**Data**:

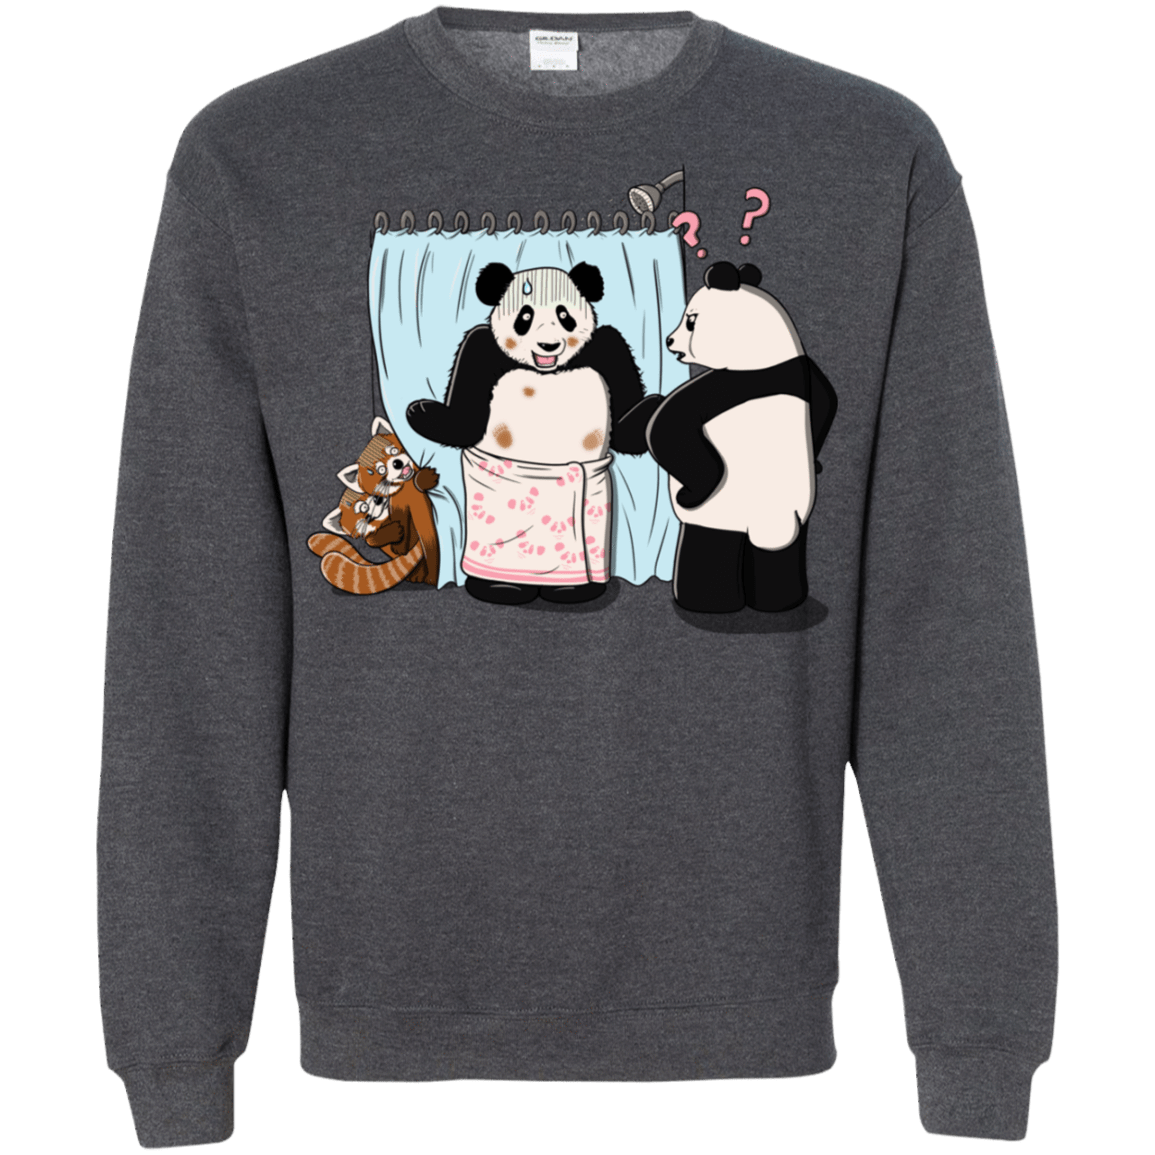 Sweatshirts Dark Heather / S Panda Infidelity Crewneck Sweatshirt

==

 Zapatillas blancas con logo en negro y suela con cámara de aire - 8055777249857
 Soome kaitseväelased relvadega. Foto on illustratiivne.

**The task**: Everything in the material above from the line that has "Zapatillas blancas con" through the line that has "Soome kaitseväelased relvadega." must be duplicated exactly, with no other lines given.

**Written solution**:
 Zapatillas blancas con logo en negro y suela con cámara de aire - 8055777249857
 Soome kaitseväelased relvadega. Foto on illustratiivne.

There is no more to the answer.